TASK TO COMPLETE: Transcribe the data in full and exactly, omitting any pictures.

SUPPLIED MATERIAL:
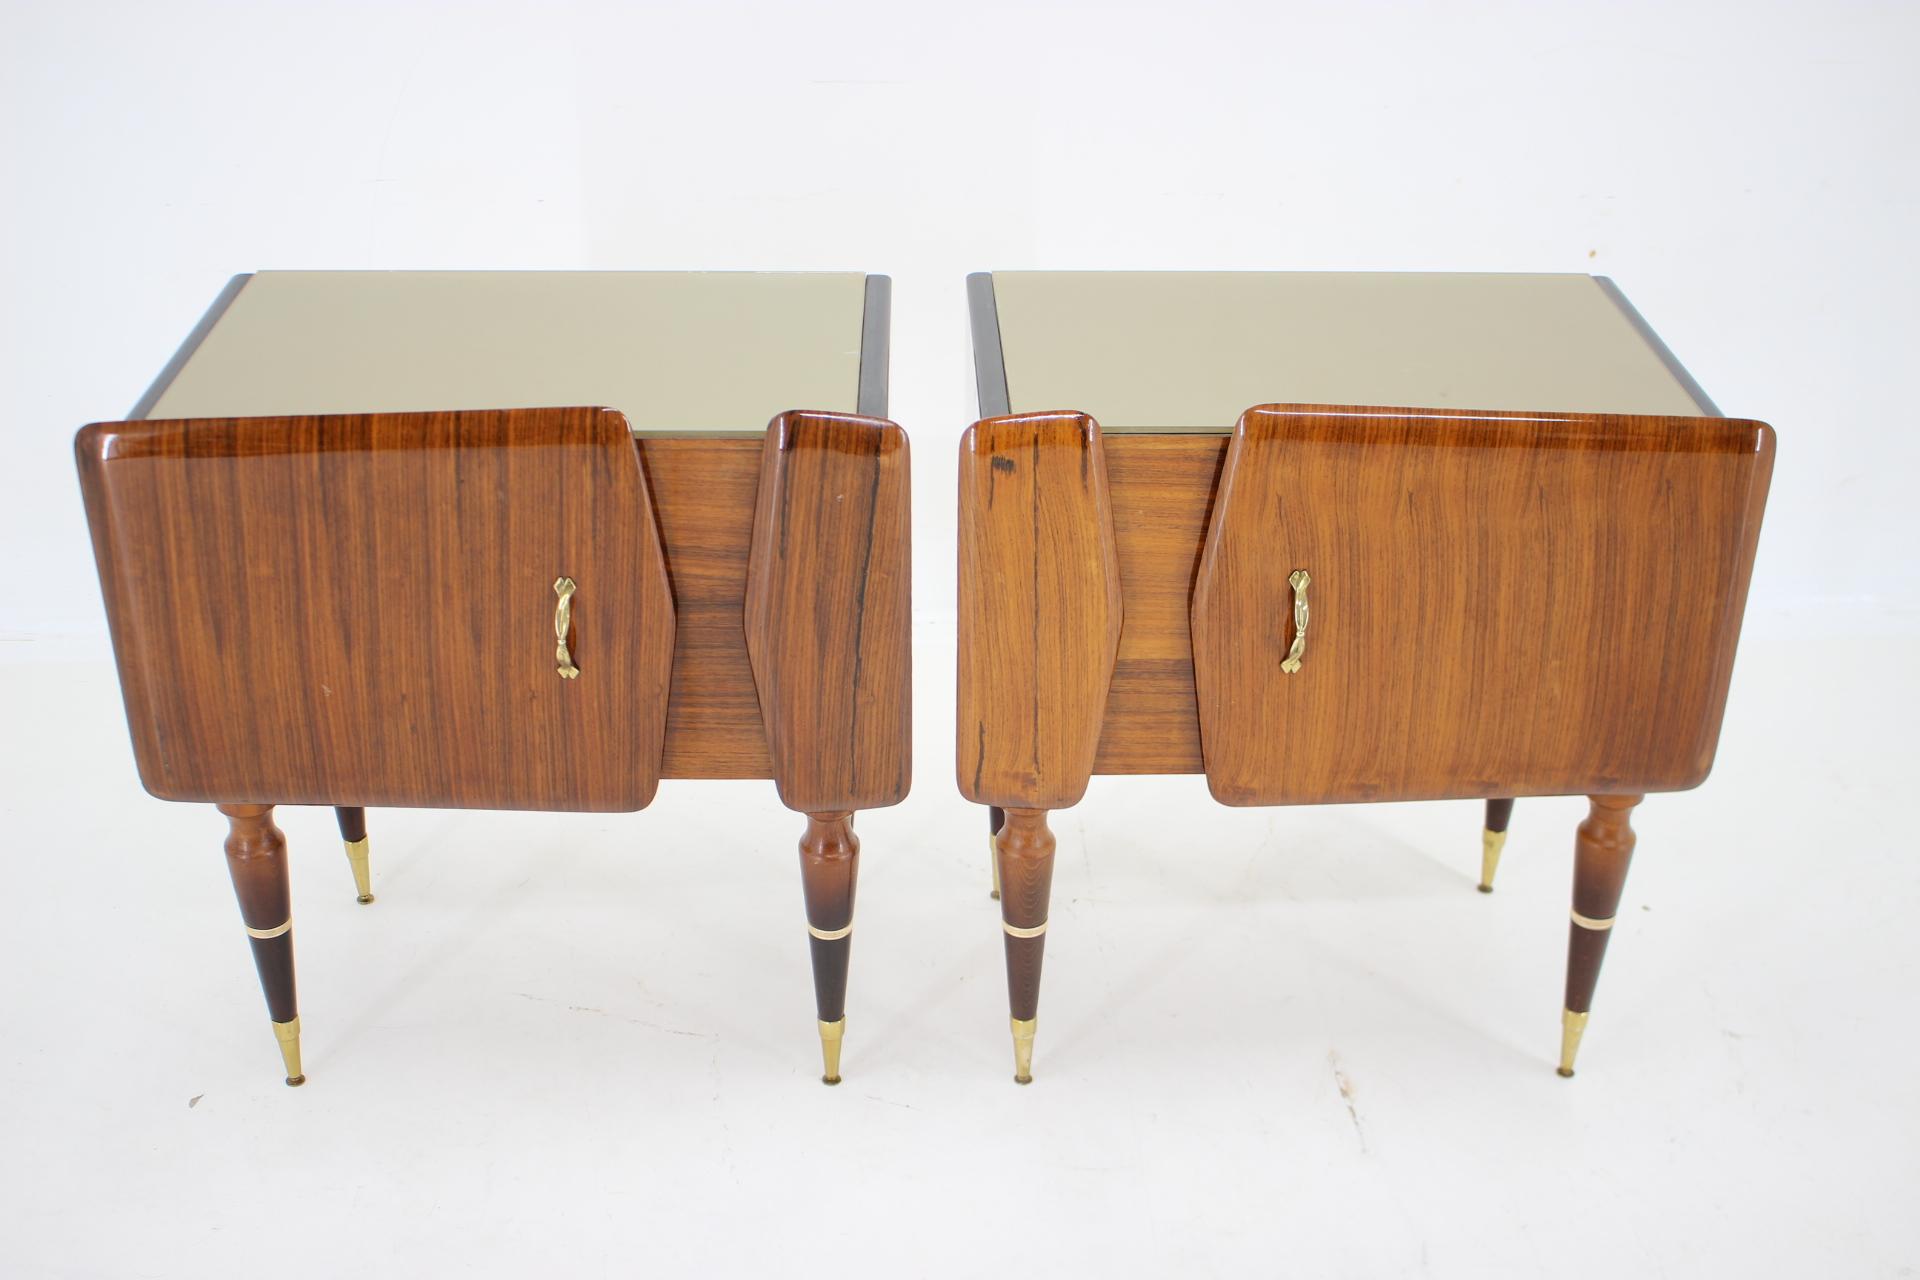 1960s Pair of Sculptural Wooden Bedside Tables, Italy For Sale 4
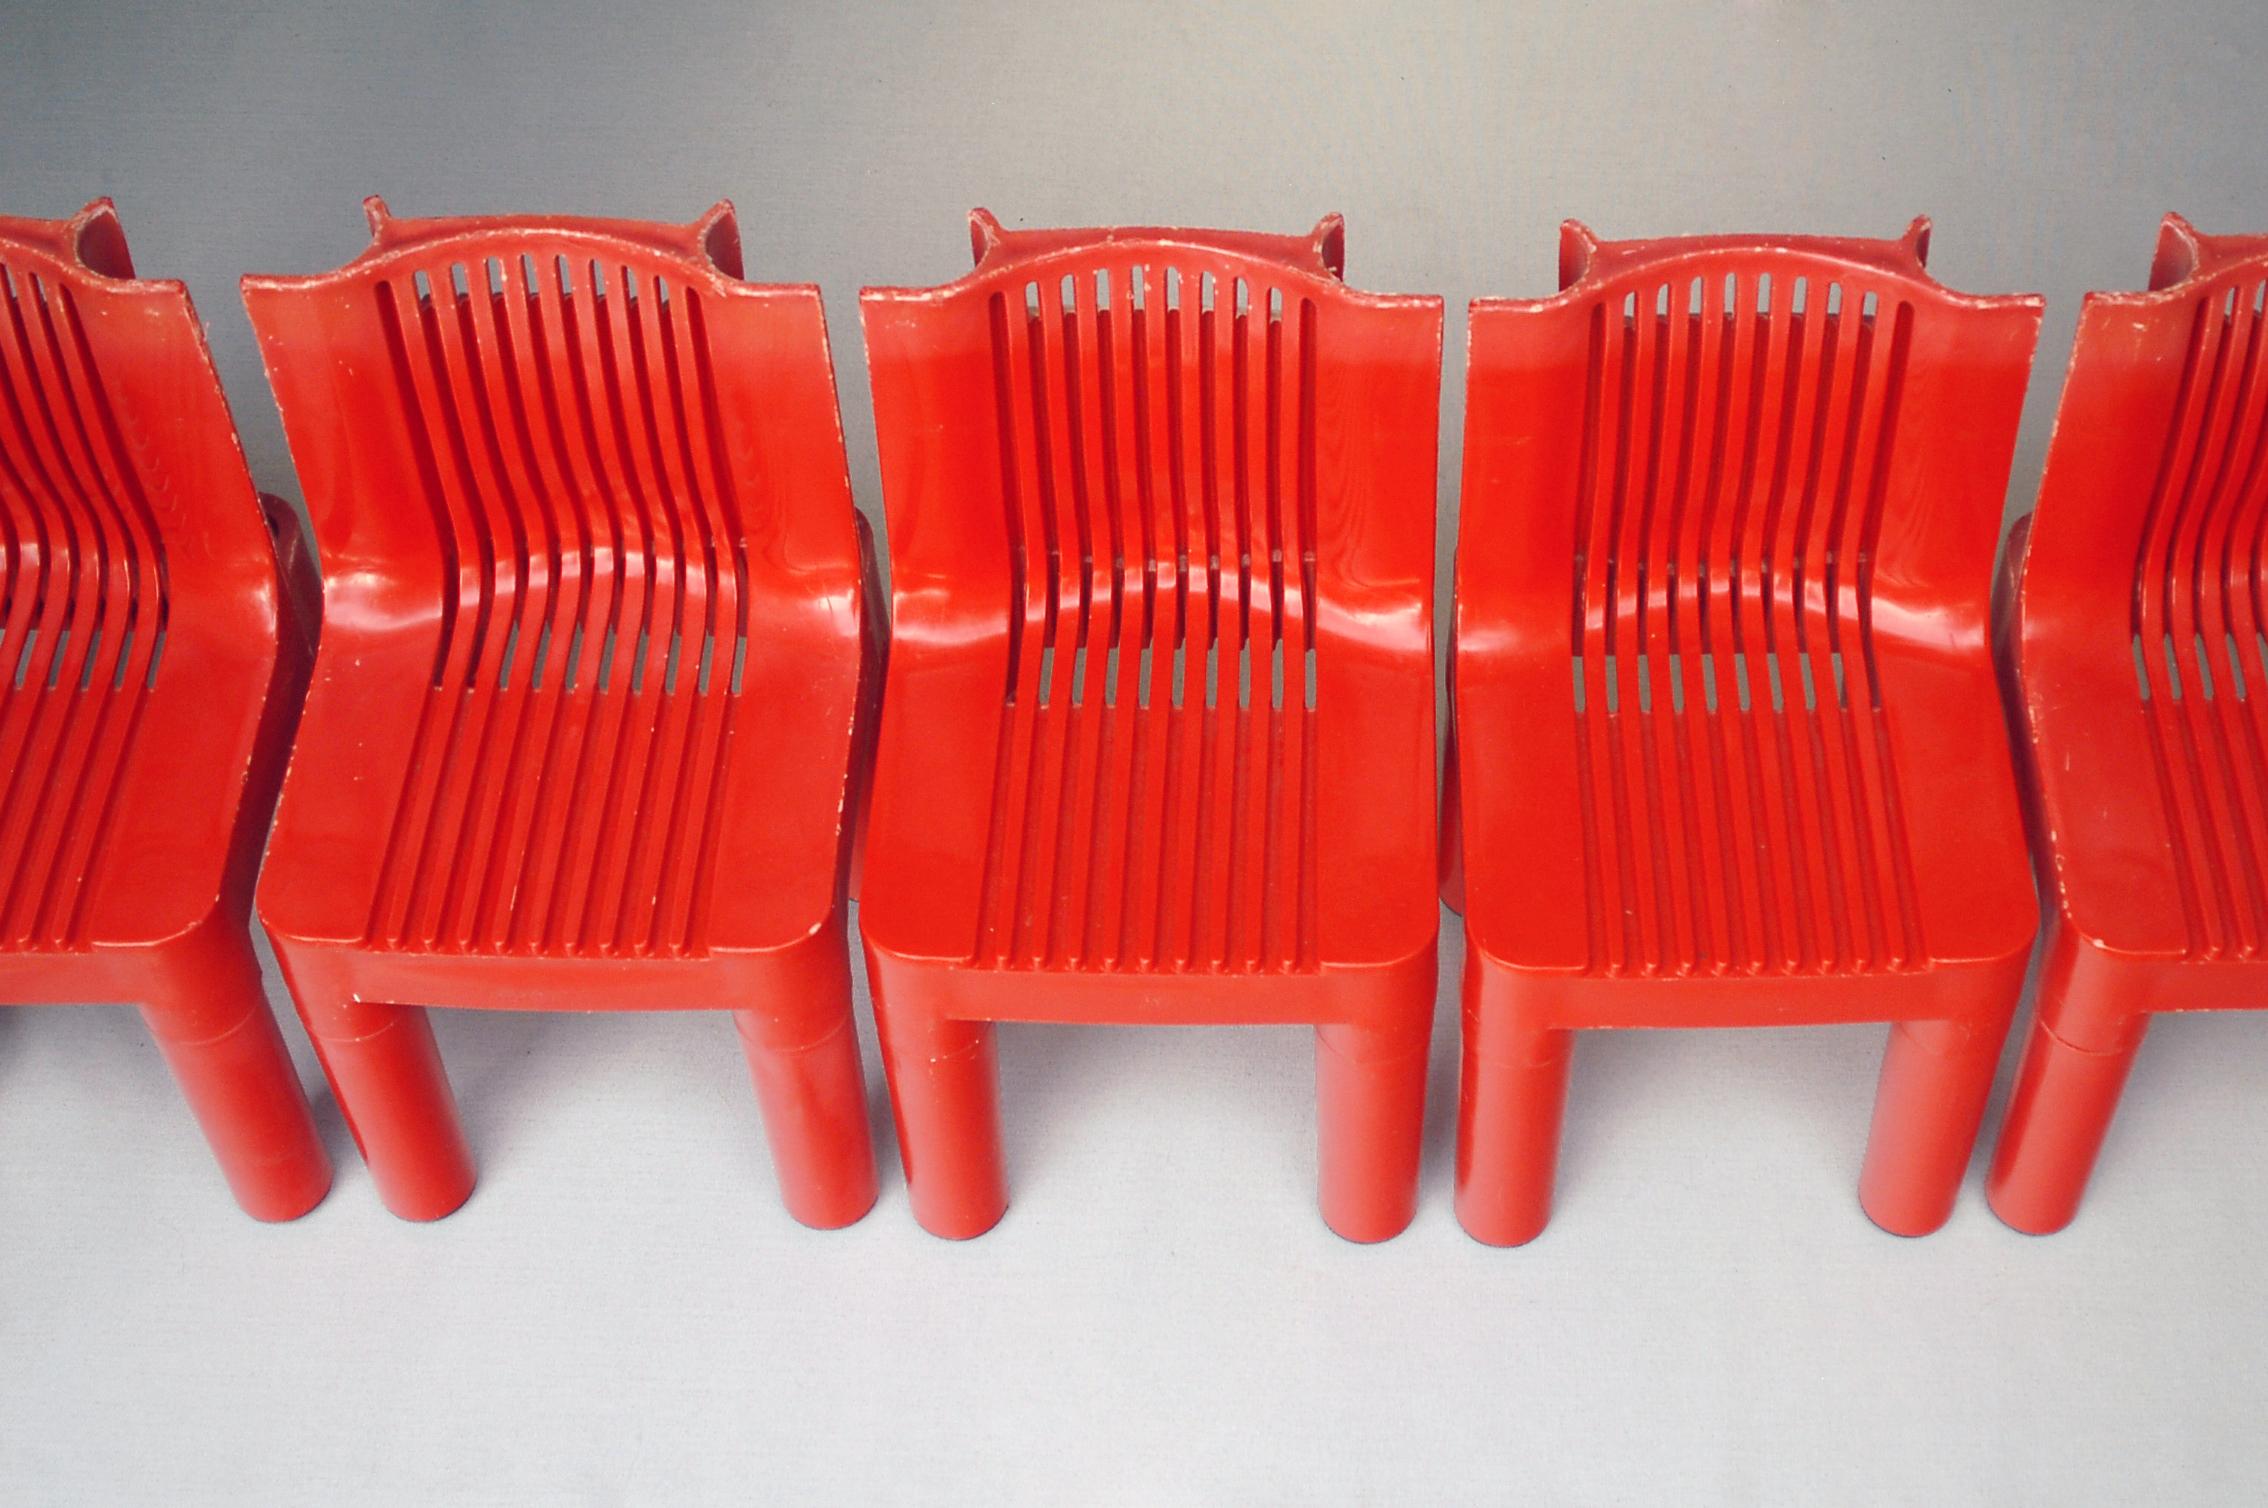 Molded Chair model 4999 Kartell Marco Zanuso / Richard Sapper 1964 First production 6x For Sale
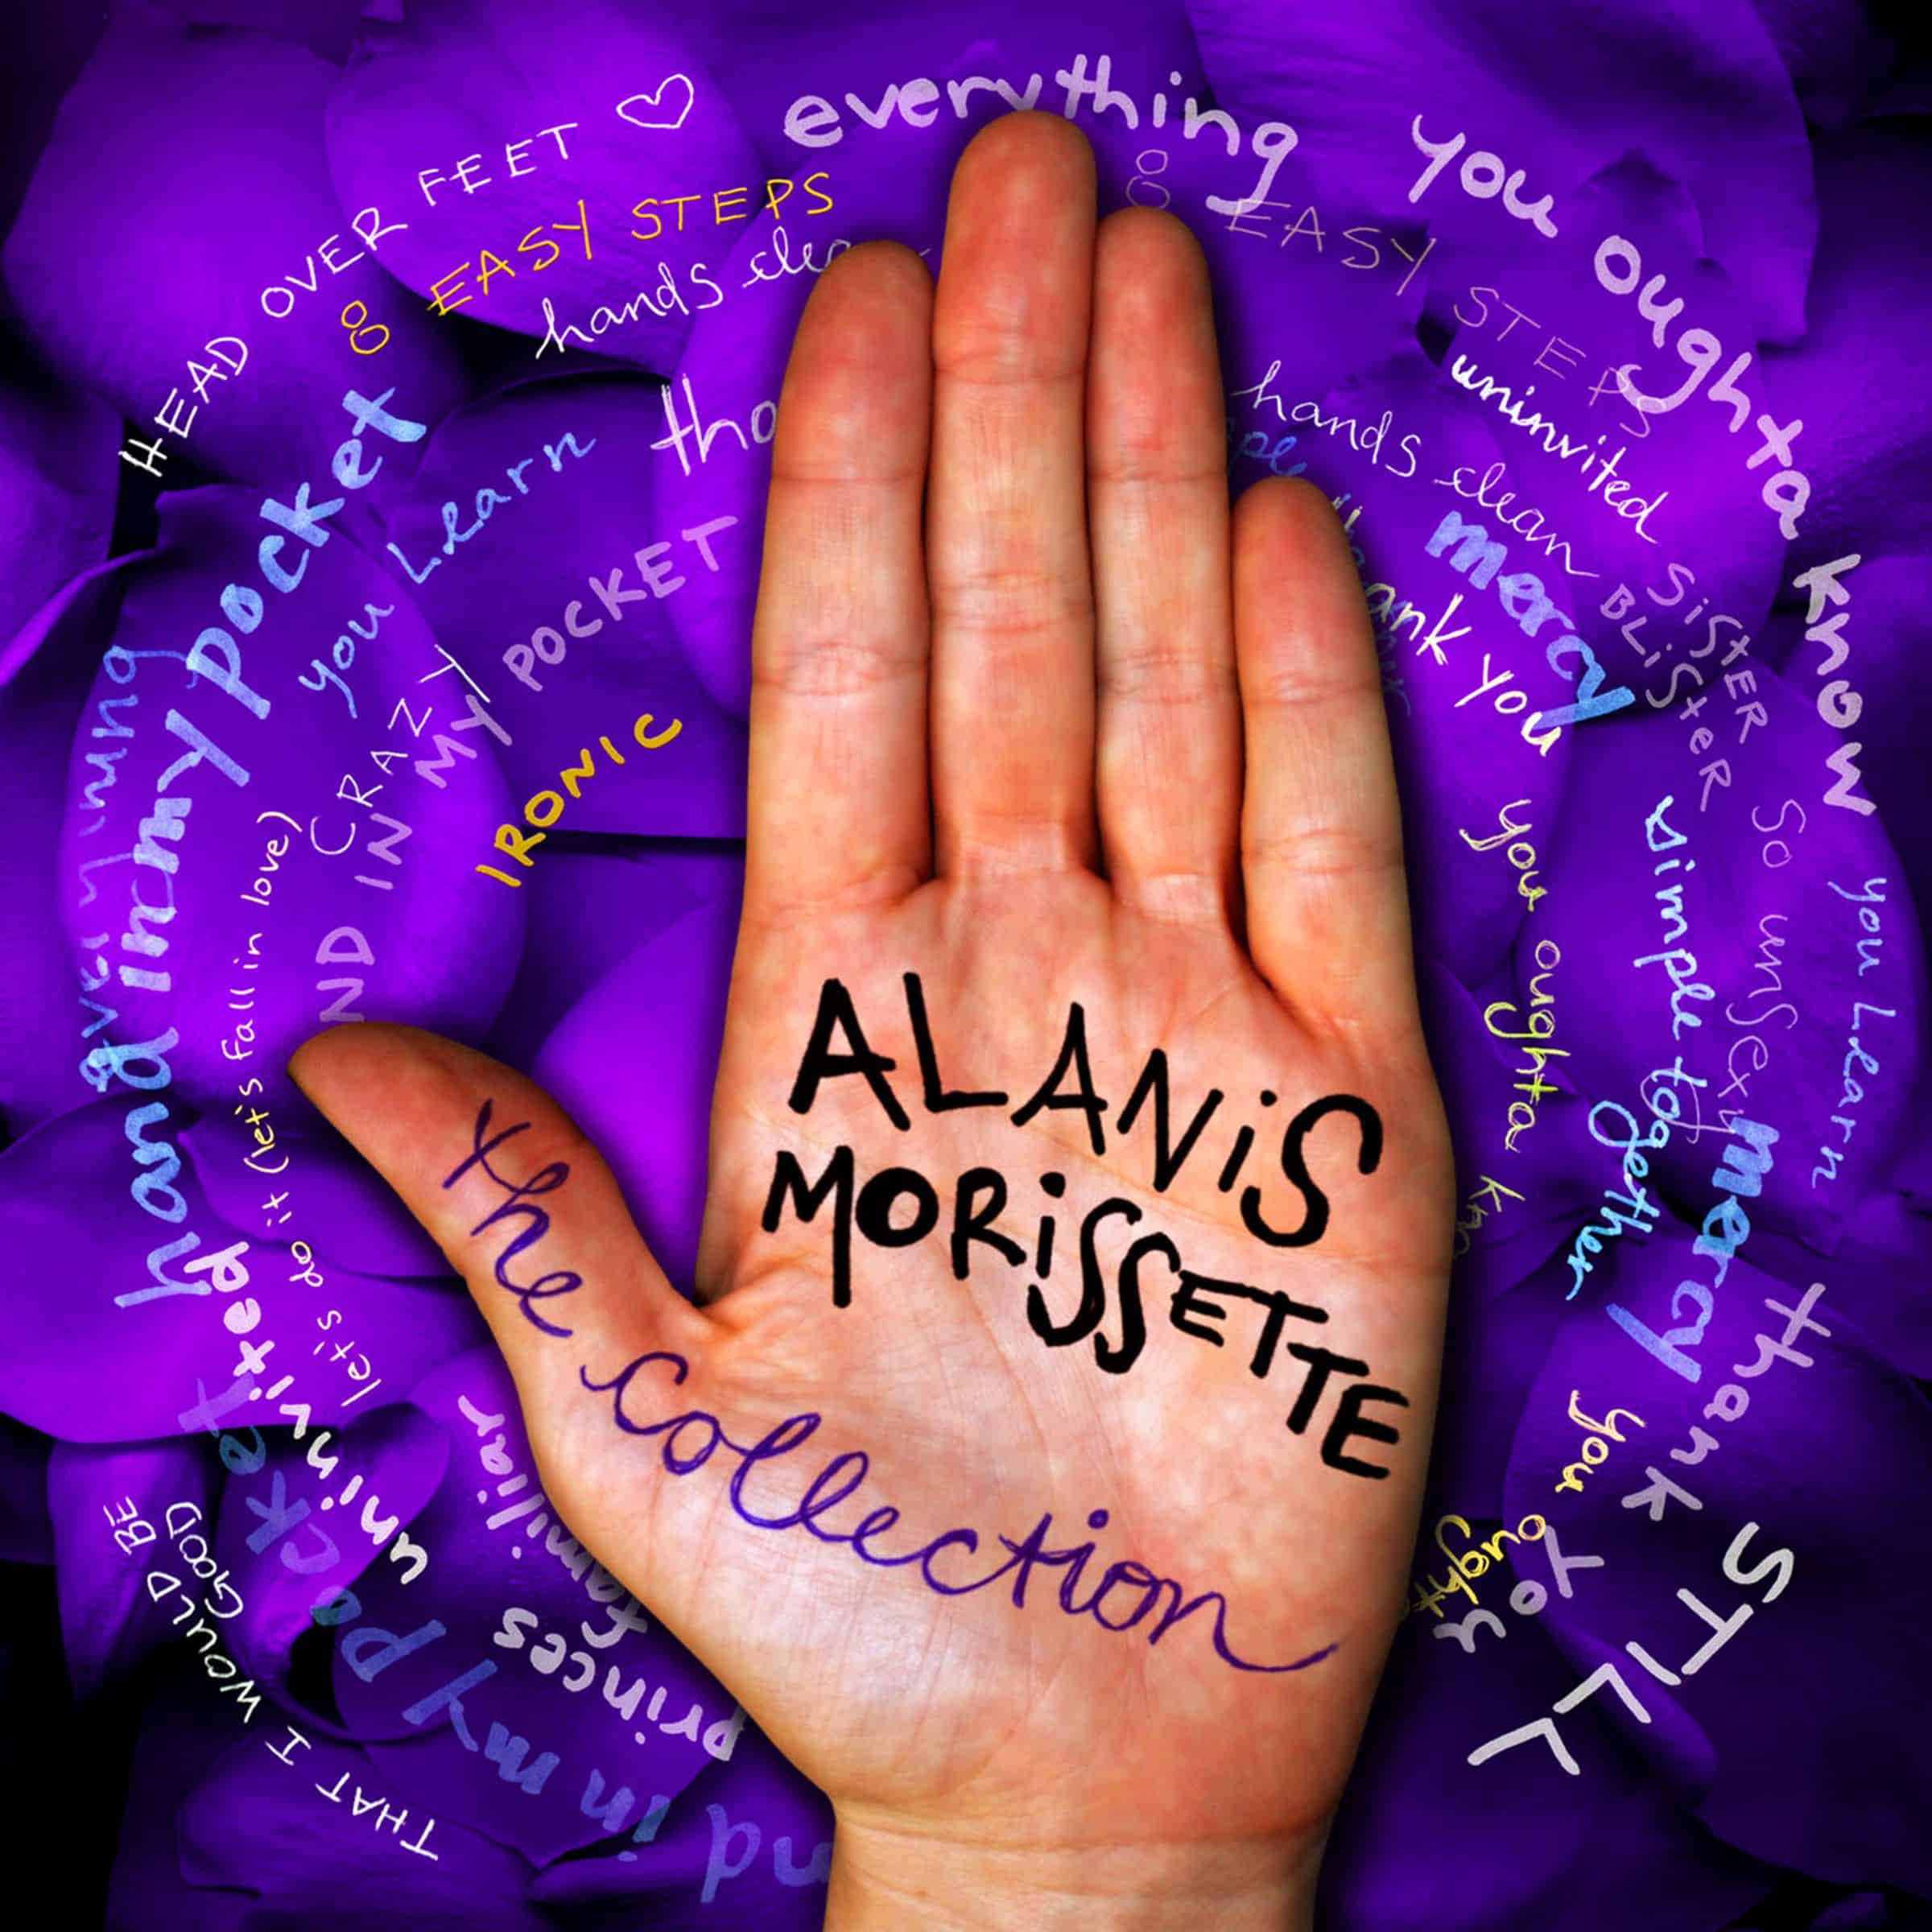 Alanis-Morissette-The-Collection.jpg

SOLUTION FOR THIS PROBLEM:
 1960s Pair of Sculptural Wooden Bedside Tables, Italy For Sale 4
 Molded Chair model 4999 Kartell Marco Zanuso / Richard Sapper 1964 First production 6x For Sale
 Alanis-Morissette-The-Collection.jpg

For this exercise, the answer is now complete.